3. Why Database Refactoring is Hard
Coupling. As you learned in Relational Databases 101 coupling is a measure of the degree of dependence between two items – the more highly coupled two things are the greater the chance that a change in one will require a change in another. Coupling is the “root of all evil” when in comes to database refactoring, the more things that your database schema is coupled to the harder it is to refactor. Unfortunately you learned in Relational Databases 101 that relational database schemas are potentially coupled to a wide variety of things:
- Your application source code
- Other application source code
- Data load source code
- Data extract source code
- Persistence frameworks/layers
- Your database schema (captured via models or scripts)
- Data migration scripts
- Test code
- Models and/or documentation
Figure 1 depicts the best-case scenario for database refactoring – when it is only your application code that is coupled to your database schema. Then Figure 2 depicts the worst-case scenario for database refactoring efforts where a wide variety of software systems are coupled to your database schema, a situation that is quite common with existing production databases.
Figure 1. The best-case scenario.
Figure 2. The worst-case scenario.
4. The Process of Database Refactoring
Before I describe the steps for refactoring a database I need to address a critical issue – Does the simple situation depicted in Figure 1 imply you’ll do different things than the highly coupled one of Figure 2? Yes and no. The fundamental process itself remains the same although the difficulty of implementing individual database refactorings increases dramatically as the coupling your database is involved with increases. If you find yourself in the simple situation then you will not need to do the transition period work described below, you can simply refactor your database schema and application code in parallel and deploy them simultaneously. People who find themselves in the more complex situation do not have this luxury.
This section is written under the assumption that your technical and cultural environments are organized to support database refactoring. Although this sounds like a big assumption, and it is, I will describe what you need to do to get to the point where these environments are in fact in place. Anything less would be inappropriate.

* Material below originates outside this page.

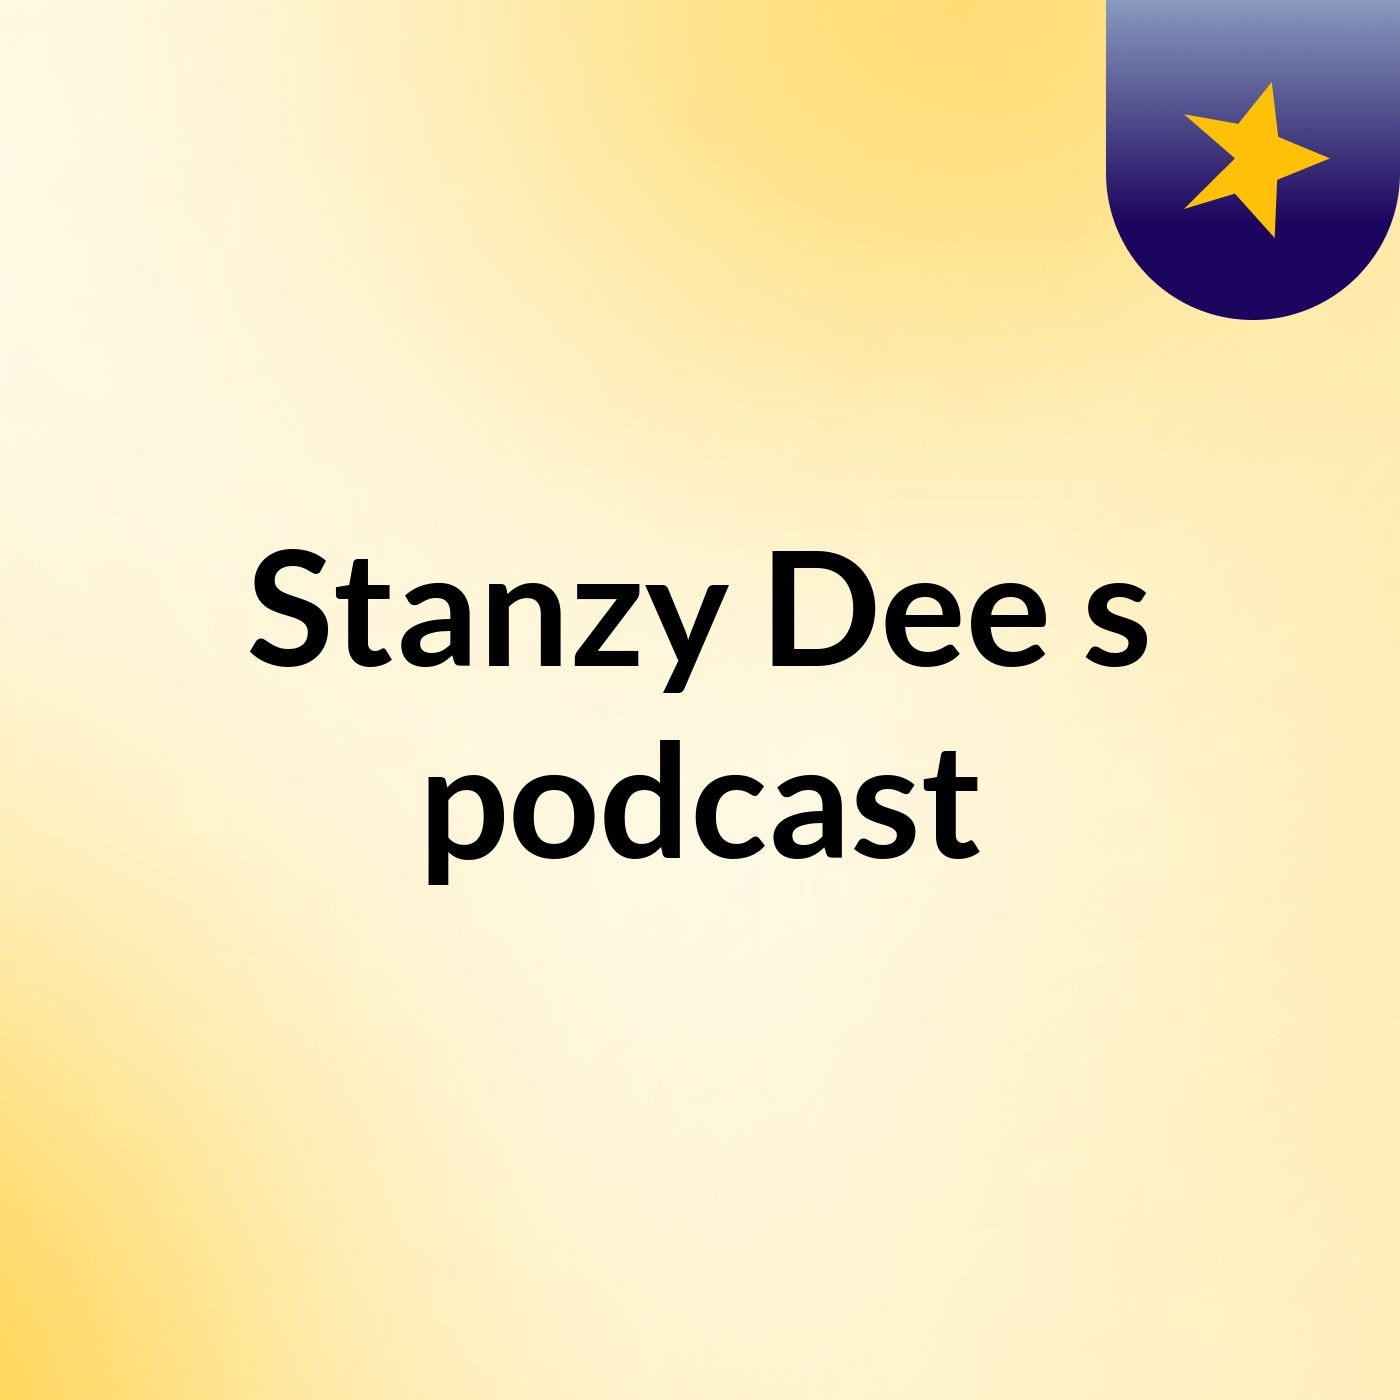 Episode 2 - Stanzy Dee's podcast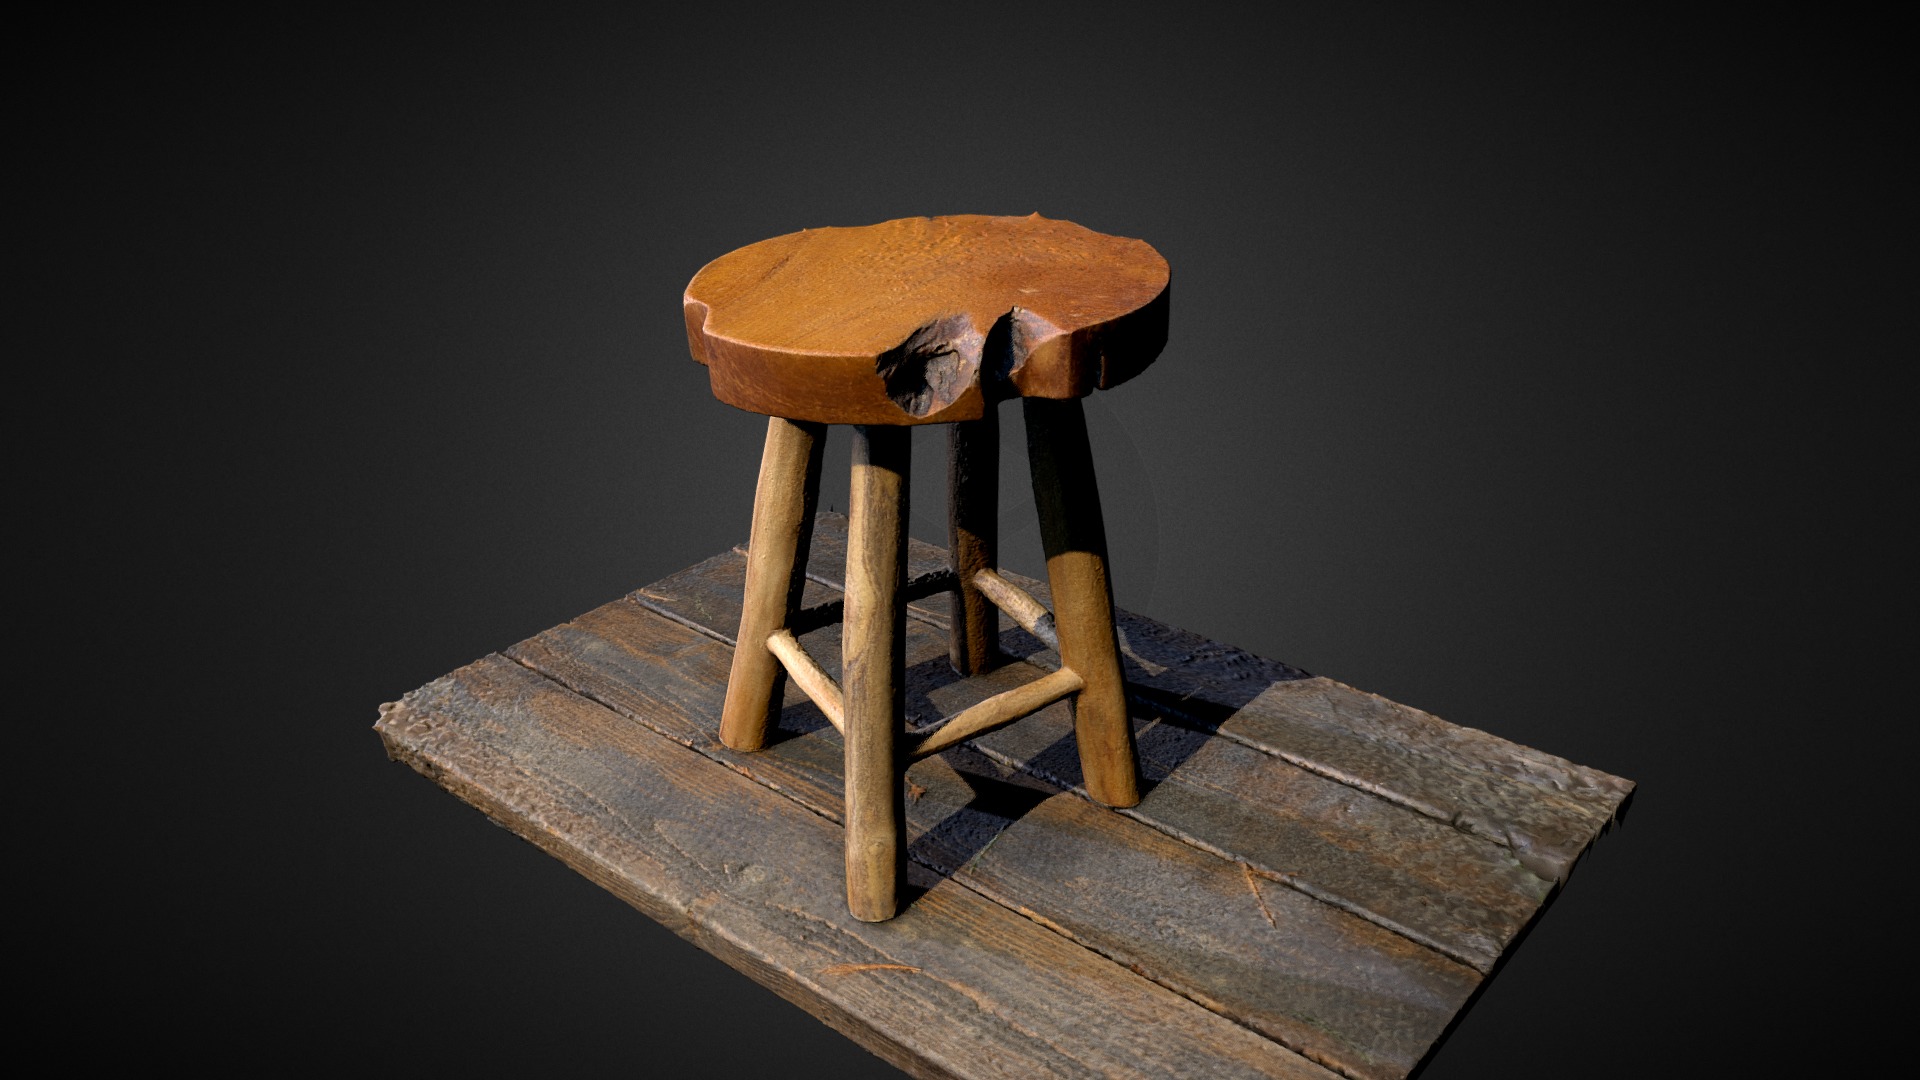 3D model Tabouret - This is a 3D model of the Tabouret. The 3D model is about a wooden chair with a table and a cat on it.

I like to think of database refactoring as a three-step process:
4.1 Step 1: Start In Your Development Sandbox
Your development sandbox is the technical environment where your software, including both your application code and database schema, is developed and unit tested. The need to refactor your database schema is typically identified by an application developer who is trying to implement a new requirement or who is fixing a defect. For example, a developer may need to extend their application to accept Canadian mailing addresses in addition to American addresses. The main difference is that Canadian addresses have postal codes such as R2D 2C3 instead of zip codes such as 90210-1234. Unfortunately the ZipCode column of the SurfaceAddress table is numeric and therefore will not currently support Canadian postal codes. The application developer describes the needed change to one of the Agile data engineer(s) on their team and the database refactoring effort begins.
As depicted in Figure 3, the Agile data engineer and application developer will typically work through some or all of the following steps to implement the refactoring:
- Verify that a database refactoring is required
- Choose the most appropriate database refactoring
- Deprecate the original schema
- Write unit tests
- Modify the database schema
- Migrate the source data
- Update external access programs
- Update your data migration script(s)
- Run your regression tests
- Announce the refactoring
- Version control your work
Figure 3. The process of database refactoring.
4.1.1 Verify that a Database Refactoring is Required
The first thing that the Agile data engineer does is they’ll try to determine if the database refactoring even needs to occur and if it is the right one to perform. The second thing that the Agile data engineer does is internally assess the likeliness that the change is actually needed. This is usually a “gut call” based on the Agile data engineer’s previous experience with the application developer. The next thing the Agile data engineer does is to assess the overall impact of the refactoring. In the stovepipe situation of Figure 1 this is fairly straightforward because the Agile data engineer should have an understanding of how the application is coupled to this part of the database. When this isn’t the case they’ll need to work with the application developer to do so.
In the complex case of Figure 2 the Agile data engineer will need to have an understanding of the overall technical infrastructure within your organization and how the other applications are coupled to your database. This is knowledge that they’ll need to build up over time by working with the enterprise architects, agile developers, and even other Agile data engineers. When the Agile data engineer isn’t sure of the impact they will either need to decide to make a decision at the time and go with their gut feel or decide to advise the application developer to wait while they talk to the right people. The goal of this effort is to make sure that you attempt a database refactoring that you aren’t likely going to be able to do – if you are going to need to update, test, and redeploy twenty other applications to make this refactoring then it likely isn’t viable for you to continue.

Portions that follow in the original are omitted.